To overcome portability issues, the dry Leclanché cell was developed. Here, the ammonium chloride electrolyte is in a jelly-like paste rather than a liquid solution. The carbon rod, acting as the positive electrode, is surrounded by a mix of manganese dioxide and powdered carbon inside a zinc container, which serves as the negative electrode.

Dry cells are lightweight and easy to transport, making them ideal for use in devices such as flashlights and transistor radios. However, they deteriorate over time due to local action.

Daniel Cell

The Daniel cell was invented to address the issue of polarization. It consists of a zinc rod as the negative electrode and a copper container as the positive electrode. The electrolyte is a dilute sulfuric acid solution contained within a porous pot around the zinc rod, while the depolarizer is copper sulfate solution in the surrounding copper container.

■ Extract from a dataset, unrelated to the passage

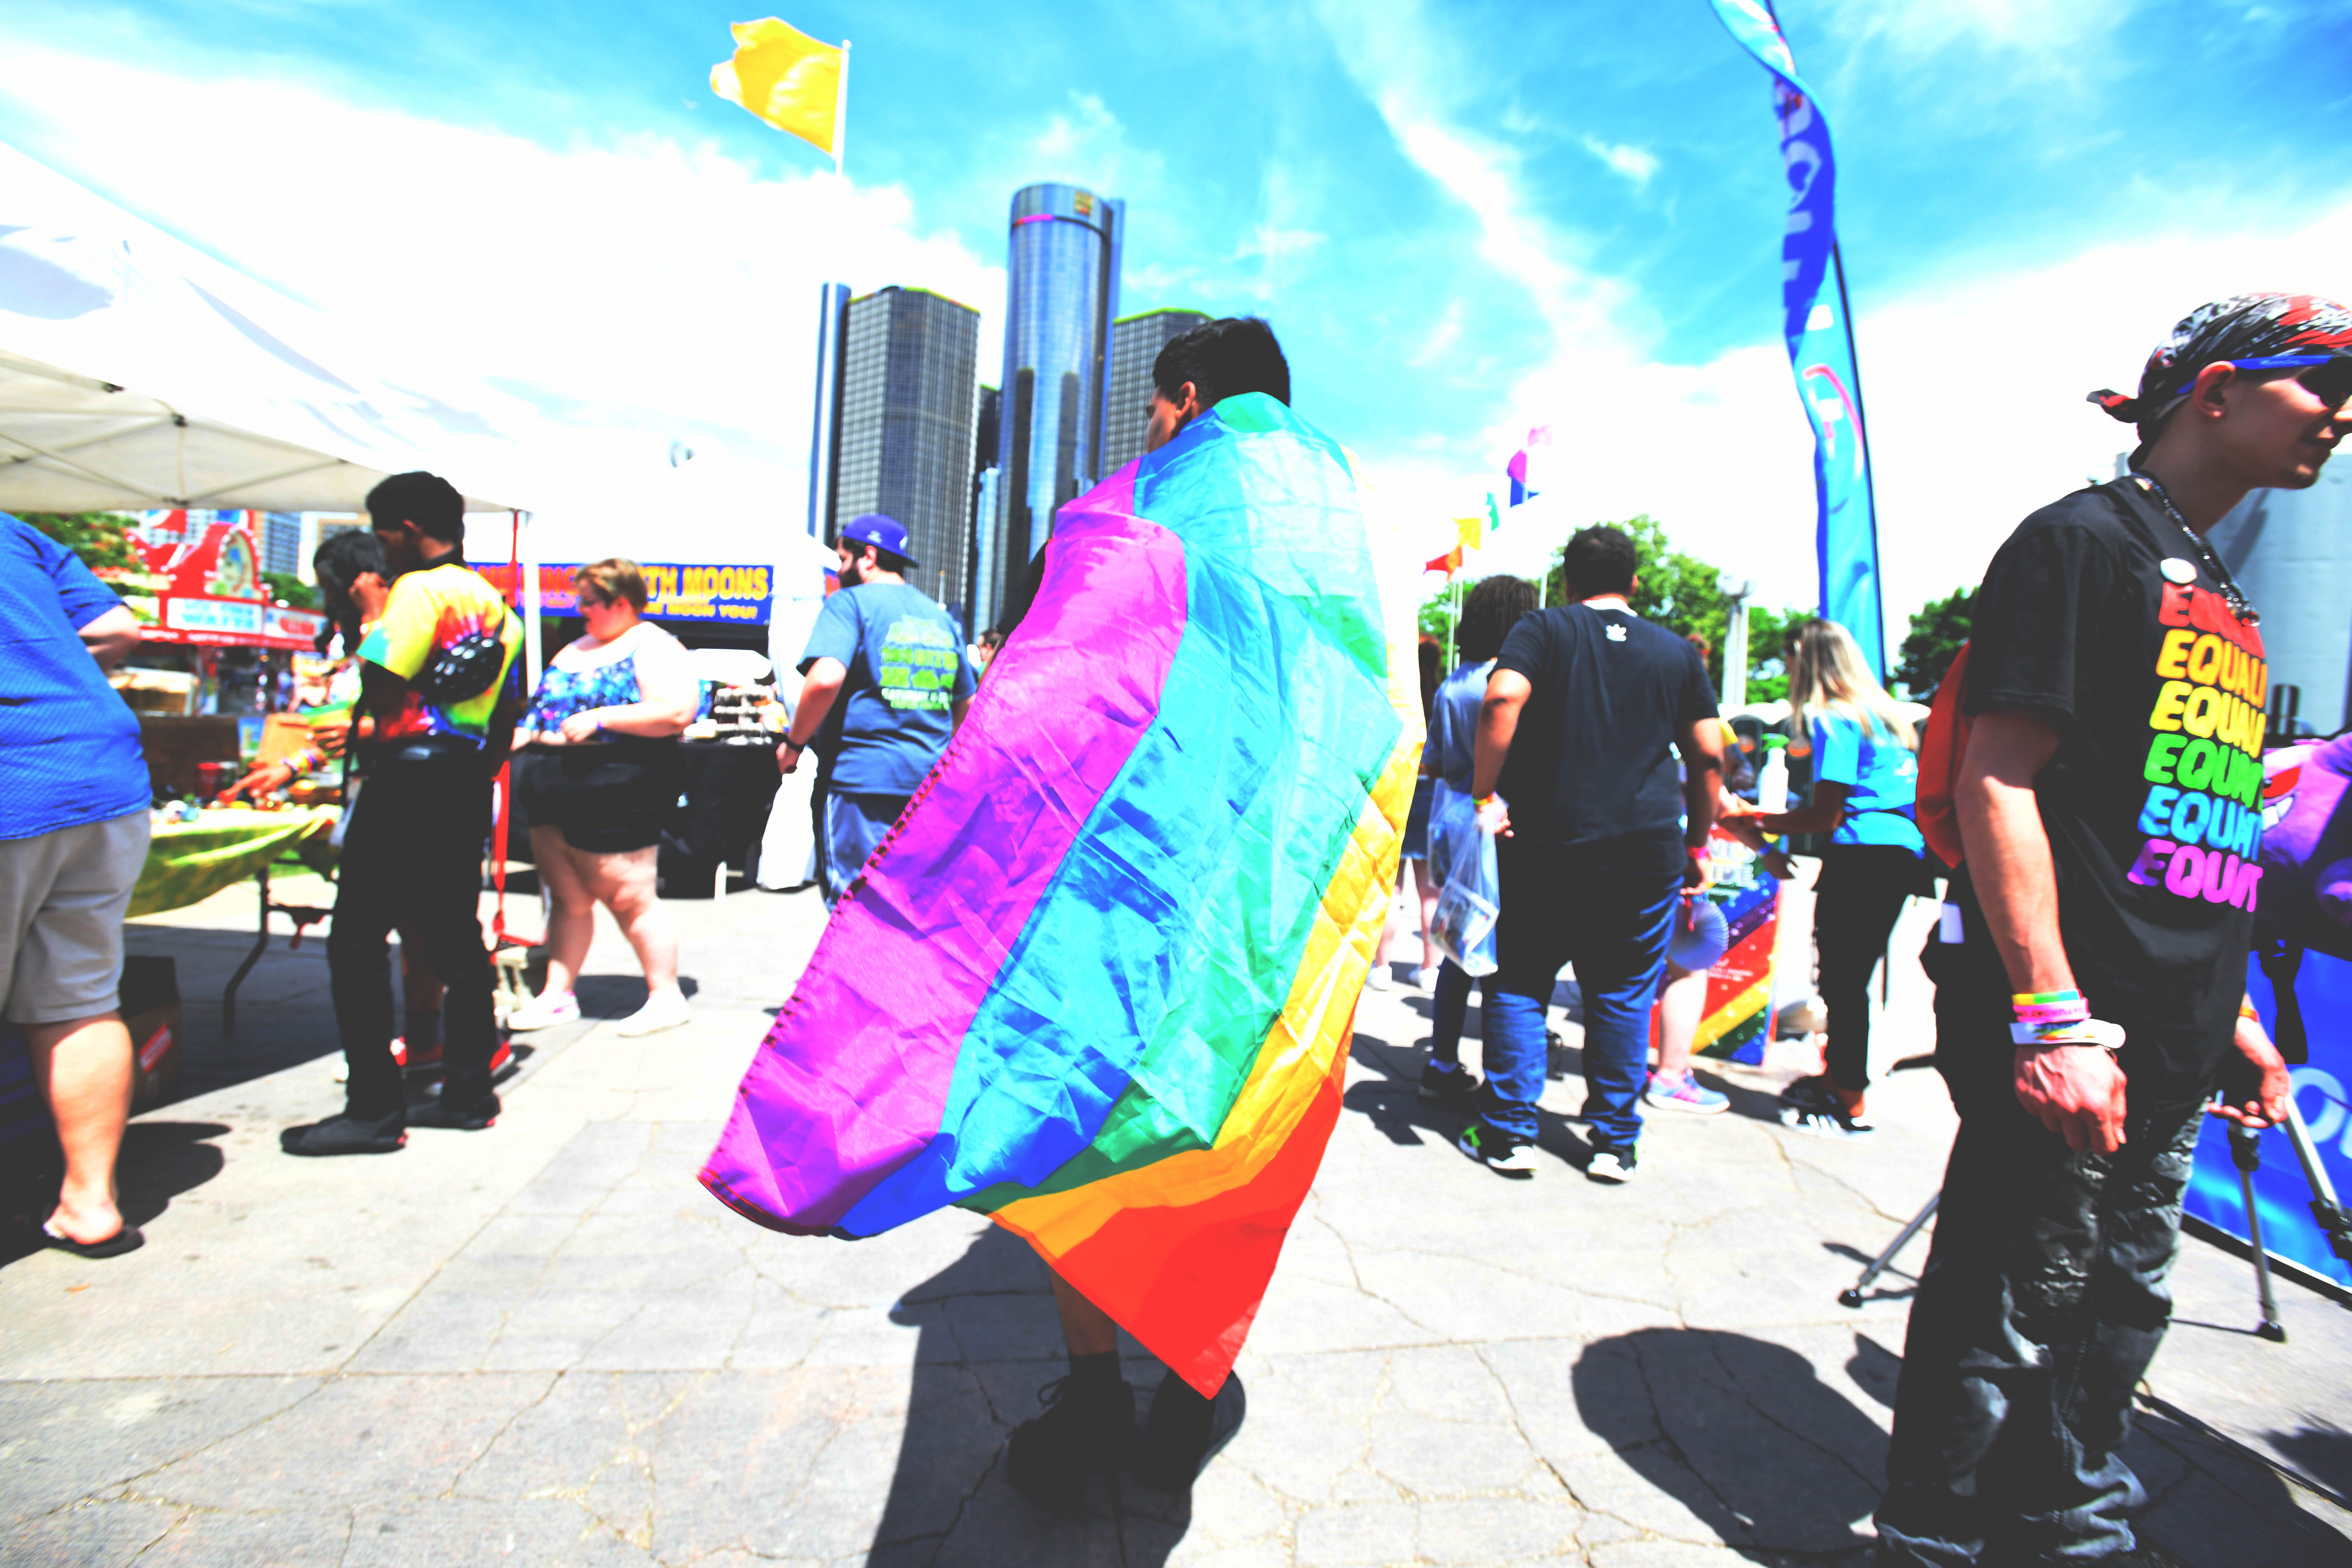 A rainbow caped figure makes his way through the crowd at the Motor City Pride festival in Hart Plaza in Detroit.

The Daniel cell provides a more stable e.m.f of approximately 1.08 volts, making it more reliable than the Leclanché cell.

Secondary Cells

Secondary cells can be recharged after use. The two main types are:

Lead-acid accumulator
Alkaline (NiFe) accumulator

Lead-Acid Accumulator

This is the most common type of secondary cell. It consists of lead oxide as the positive electrode, lead as the negative electrode, and sulfuric acid as the electrolyte. During discharge, the plates gradually convert to lead sulfate, and the acid becomes diluted. A fully charged cell has an e.m.f of 2.2V and a relative density of 1.25. When discharged, the values drop below 2.0V and 1.15, respectively.

Maintenance of Lead-Acid Accumulators

Maintain electrolyte levels with distilled water.
Recharge the cell when the acid density falls below 1.15; it is fully charged at 1.25.
If unused for long periods, discharge occasionally or remove the acid and store the cell dry.
Keep the battery clean to prevent current leakage.

Alkaline (NiFe) Accumulator

The NiFe accumulator is named after its primary elements: nickel (Ni) and iron (Fe). The positive electrode is made of nickel hydroxide, while the negative electrode is composed of iron or cadmium. The electrolyte is potassium hydroxide dissolved in water.

These cells last longer, retain charge better than lead-acid accumulators, and require minimal maintenance. They are commonly used in factories and hospitals for emergency power supplies. However, they are bulkier, more expensive, and have a lower e.m.f of approximately 1.25V.

Difference Between Electrolytic and Electrochemical Cells

Electrochemical (Galvanic/Voltaic) Cell	Electrolytic Cell
Chemical energy is converted into electrical energy.	Electrical energy is converted into chemical energy.
Redox reactions are spontaneous.	Redox reactions are non-spontaneous and require external energy.
Anode is negative; cathode is positive.	Anode is positive; cathode is negative.
Electrons are released by the species undergoing oxidation.	Electrons come from an external power source (e.g., battery).